The horrible thing about depression is how well it stays hidden. It can mask itself as a bad day, or fatigue or even the life of the party. The week before Candice took her own life, we had made plans to go watch a movie with our husbands. Our friendship had matured into a decade-long sisterhood, and her husband was the older brother with whom I shared crass jokes. So when his number showed up on my caller ID the night before we were supposed to go out, I greeted him with a surly, “Niggro, you better not be calling me to tell me that you’re cancelling the movie on me!”

He was quiet for so long I thought he’d hung up

“Rashaad?”

“I don’t know how to tell you this, but Candice killed herself.”

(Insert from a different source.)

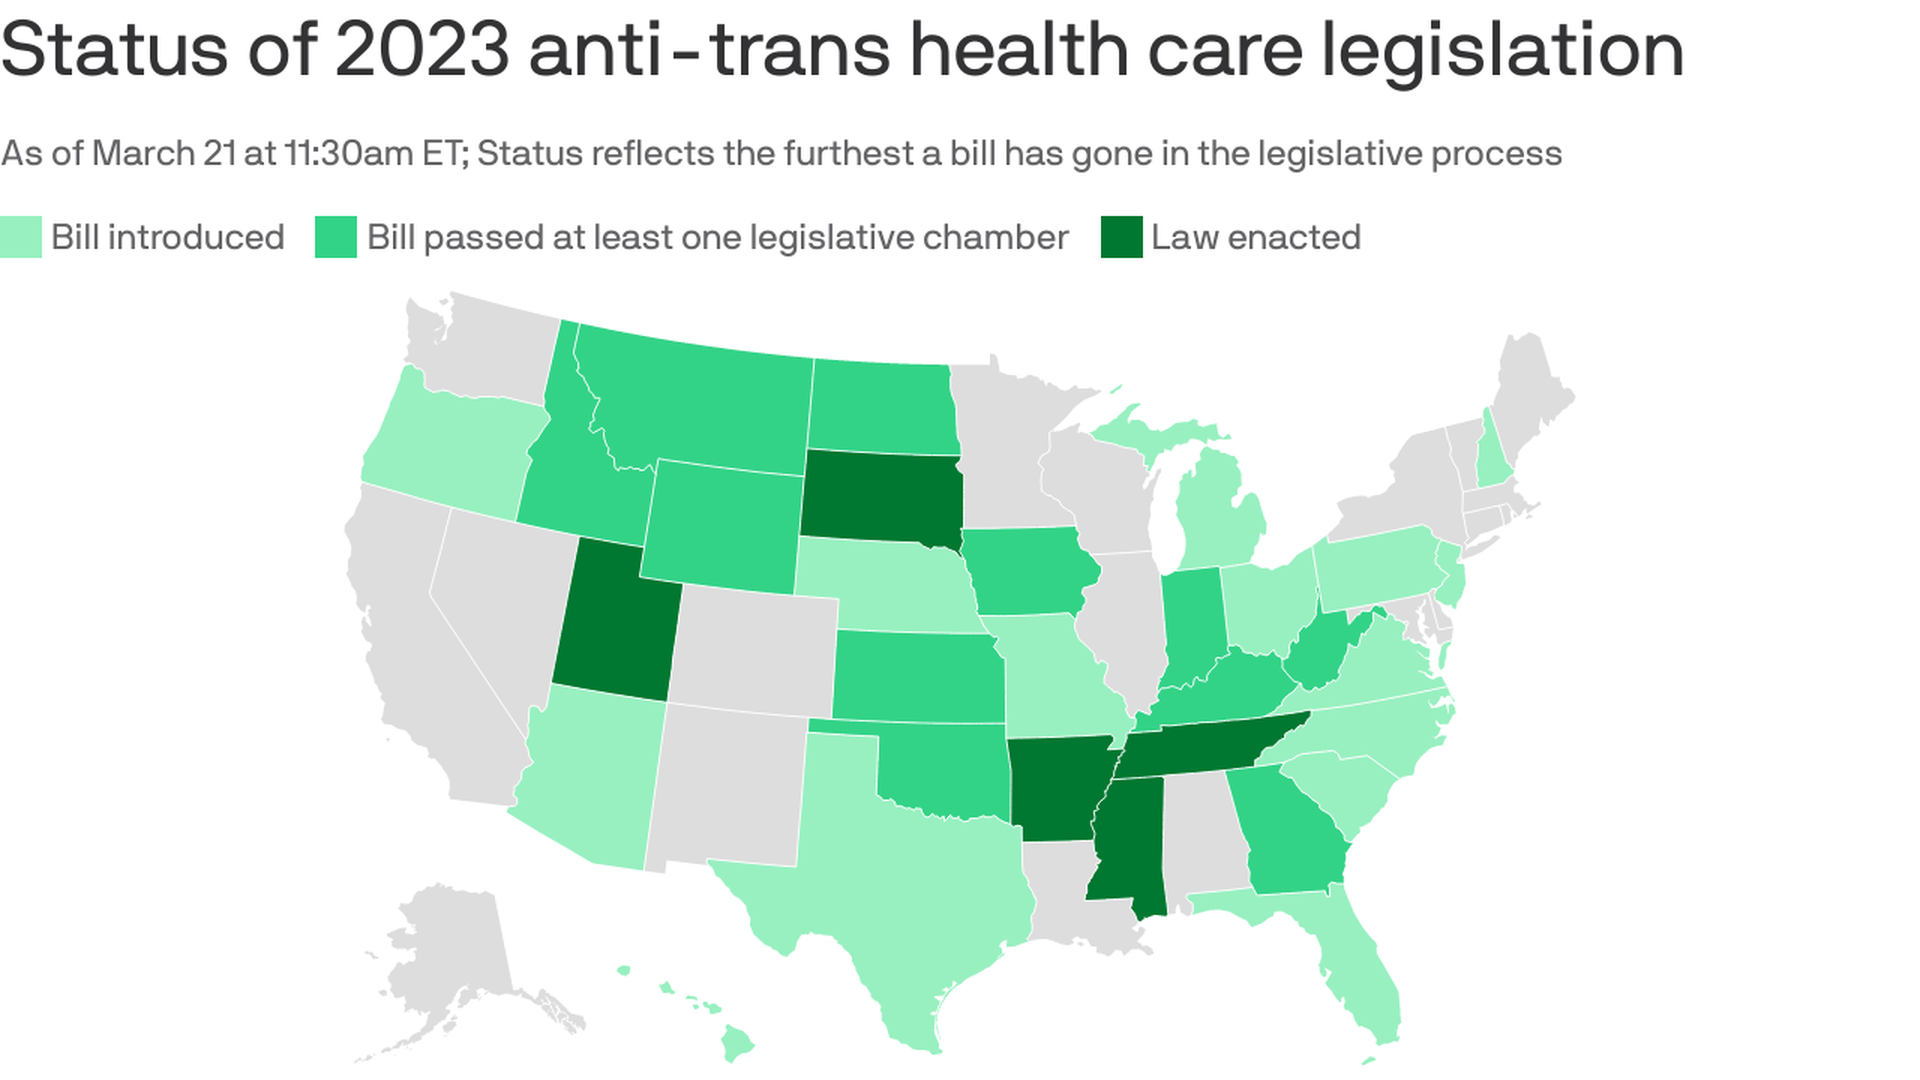 This is a map showing anti-transgender legislation by state.

After my knees regained their strength, I asked the expected questions. When? Where? Are you and the kids ok? He answered each query with a tone that betrayed practice. Of the many people who loved Candice, I was just one in a lstring to whom he was compelled to relay this heart wrenching news. In her note, she’d told him not to blame himself…that the pain had just gotten too much to bear…that she couldn’t take it anymore.

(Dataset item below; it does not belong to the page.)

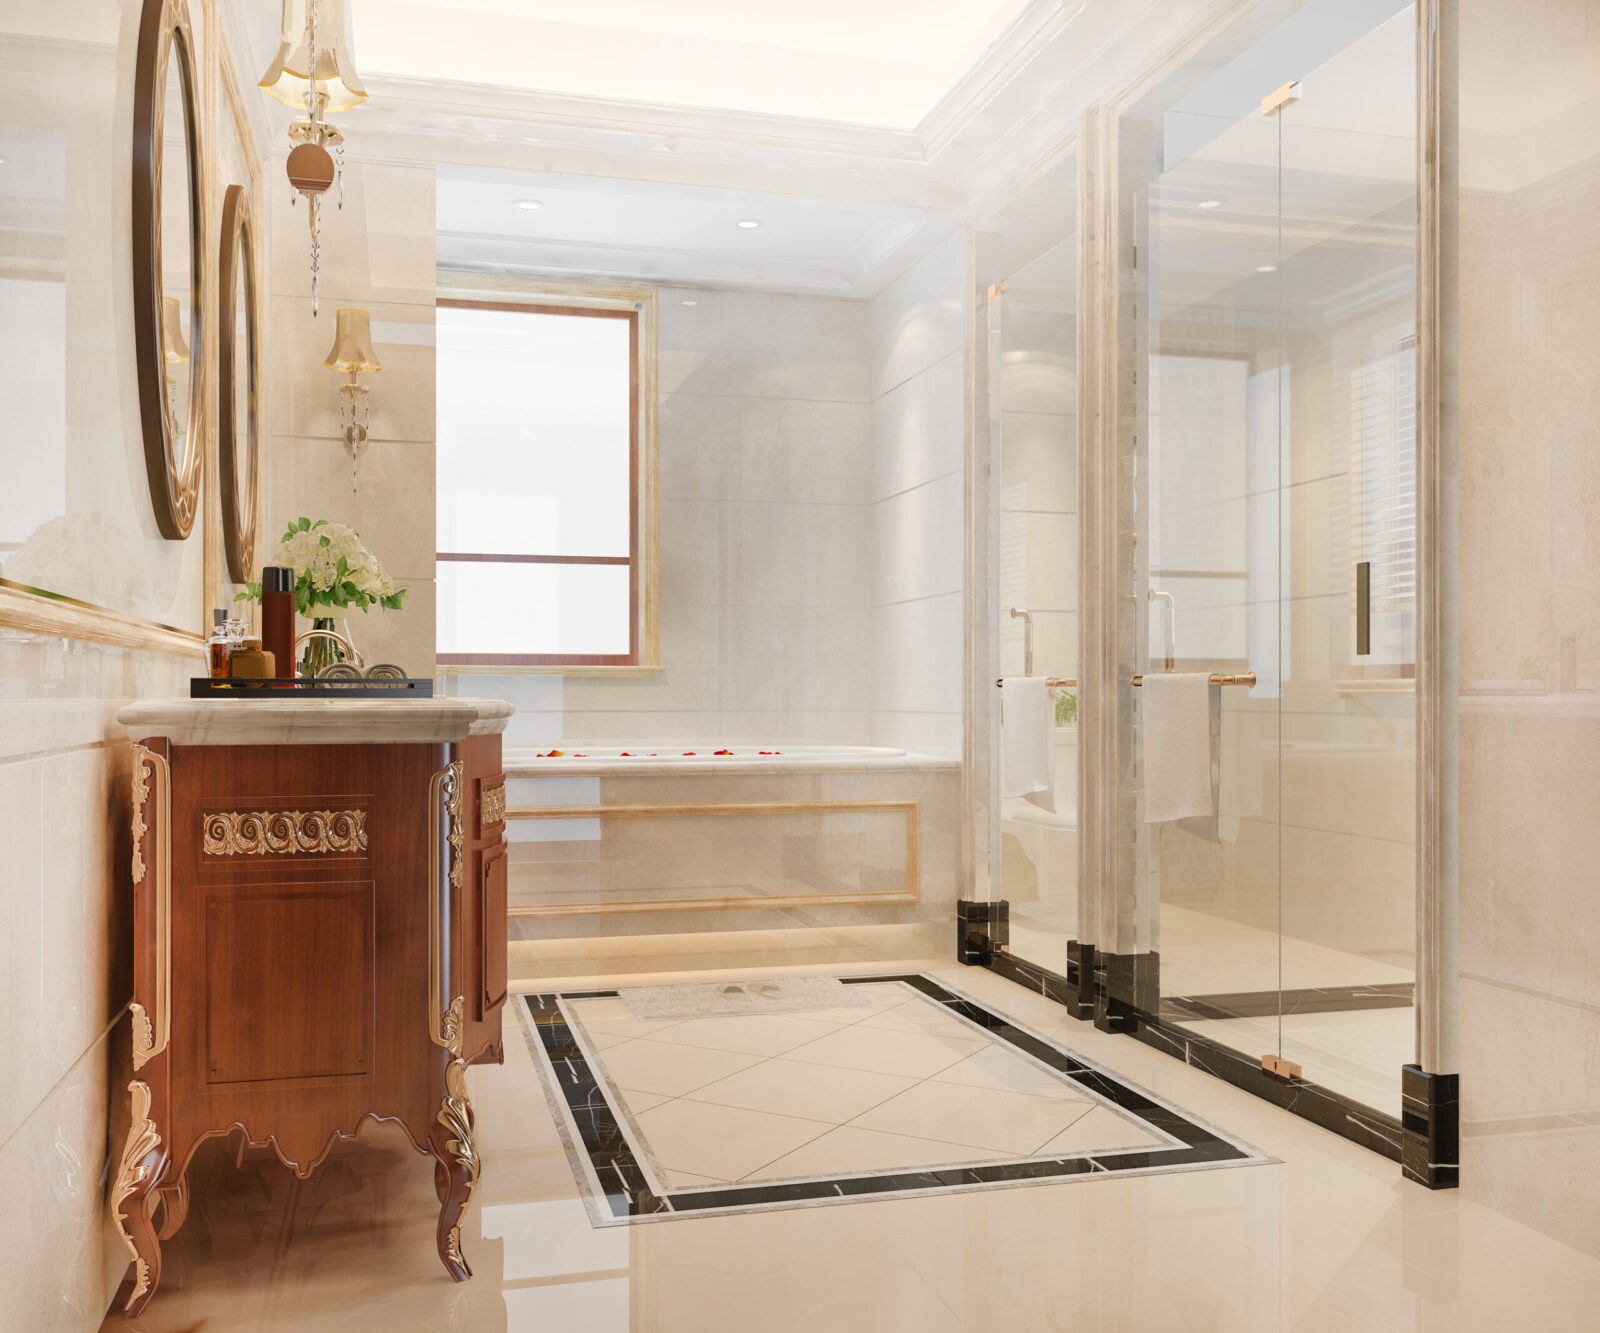 Bathroom Remodeling Services In Rye, White Plains, Scarsdale NY

My sister – a woman who colored this Earth with her charm and light – was in pain and I never knew. For her, the rainbow had become enuf.

In her death, Candice taught me one more lesson about Black womanhood; that is there is a toxicity that manifests itself as “strength”. The world sees us as hostile, angry, bitter and irrational, despite the masks of pleasantness and congeniality we put on every day. We try to combat these aspersions by hugging our enemies, holding on to broken relationships, serving in organizations that will honor us with plaques one day and then kick our corpses out whenever it suits them. Candice’s passing broke me…and you can’t see my tears but it breaks me still… but when she left this world she taught me that there is more damage in hiding your pain than there is sharing it. I think that’s the fear that many depressed people harbor: I can’t share this pain with anyone else. If it’s breaking me and it will certainly cause a crumble in their lives. And so because I love my beloveds so much, I’ll hold this alone and pretend it doesn’t hurt.

Except, this is not sustainable. Trying to battle through depression alone and without help is like trying to hold the ocean with a sieve.

I think about Candice (and the two other sister-friends in the years that have followed) I’ve lost to depression almost every day. I especially remember them during those seasons of regeneration I mentioned earlier. These were bright, brilliant women who had so much to offer the world, and I believe, so much to gain from it in return. That’s what keeps me going in my own struggle, though sometimes the sadness and fury threaten to consume me without warning. I’m grateful that we’re finally open to having real conversations about mental health.

If you know or suspect you are suffering from mental illness, you don’t have to go through it alone. Seek the aid of a therapist. Some employers offer a helpline that will link you to resources to address your specific needs. Find someone in your inner circle that you can trust to walk with you through this, even if it feels like an inconvenience. Give them a chance to be a friend.